Psychotherapy requires significant commitment of time while treatment of anxiety and panic disorders with medication requires less effort. Since normal anxiety can improve over time without therapy, a brief period of medication can relieve symptoms, restore functioning and not necessarily require long term or life long reliance on medication.   Use of medication in some cases can result in a dependence on that medication to manage anxiety. Psychotherapy is almost always the first treatment of choice except in cases where anxiety or panic is so severe that immediate relief is necessary to restore functioning and to prevent immediate and severe consequences. Medication is usually the second choice after a comprehensive and competent trial of psychotherapy. Combined use of medications and psychotherapy at the onset of treatment can confuse an evaluation of treatment effectiveness. It is harder in a combined medication and therapy approach to tell which approach is or is not helping and how much it is helping.

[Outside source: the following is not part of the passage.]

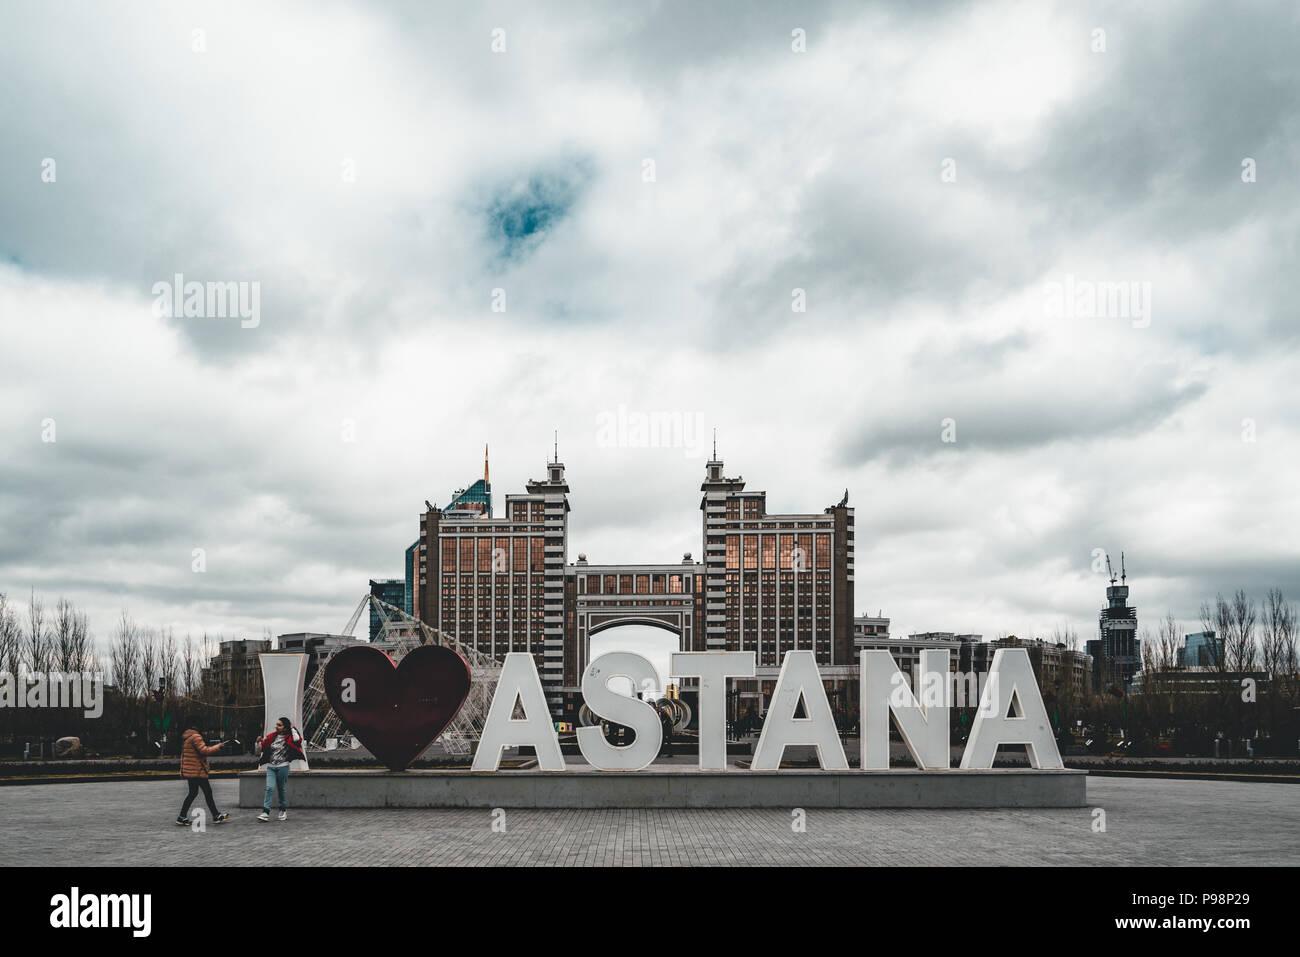 Hauptsitz Hauptsitz der KazMunaiGas in Astana Kasachstan Astana unterzeichnen mit Herz Ich liebe Stockbild

Psychotherapy, or the psychotherapist, can generally be considered ineffective if a trial of 3 months has not produced a measurable and noticeable improvement. A decision to change therapists or to start a medication may be necessary at this point. Several trials of psychotherapy or medications may be necessary to successfully treat anxiety or panic disorders.

Information And Steps You Can Take

  • Seek immediate advice and consultation from a qualified health care professional if you have any of the serious and critical symptoms
  • Seek advice and consultation from a qualified mental health professional if you experience symptoms of anxiety and panic that are either recurrent, severe, debilitating, seem unusual or unrelated to an existing health problem.
  • Seek medical advice if you have health problems or you have not had a medical evaluation for your symptoms.
  • Recognize the biological effects of alcohol. Alcohol is a depressant in which prolonged or excessive use will increase and deepen symptoms associated with anxiety. Withdrawal from alcohol and certain drugs can produce symptoms of anxiety and panic.
  • Avoid drugs that are not medically appropriate or approved by your physician. Some symptoms of anxiety and panic are associated with certain medications.
  • When anxious or panicked, remember to breath fully and calmly and at a normal regular intervals. An occasional slow deep breath can help you relax and can prevent symptoms of panic. Avoid rapid short breaths.
  • Maintain regular physical activity. Physical activity can be an effective way to relieve symptoms and build strength to resist stress.
  • Don't fight your symptoms of anxiety by trying to wish the feelings away. Will power is not a solution.
  • Do not focus or dwell on how it might get worse. Negative predictions can result in panic.
  • It can help to focus on and do simple, fun, interesting and safe manageable activities or tasks.
  • Notice when you eventually stop thinking frightening thoughts your symptoms tend to fade in time.
  • Humor and laughter are good best ways to reduce and prevent symptoms of anxiety and panic.
  • Notice if there is a relationship between what you are doing and your symptoms. This can help during an evaluation and in treatment of these disorders.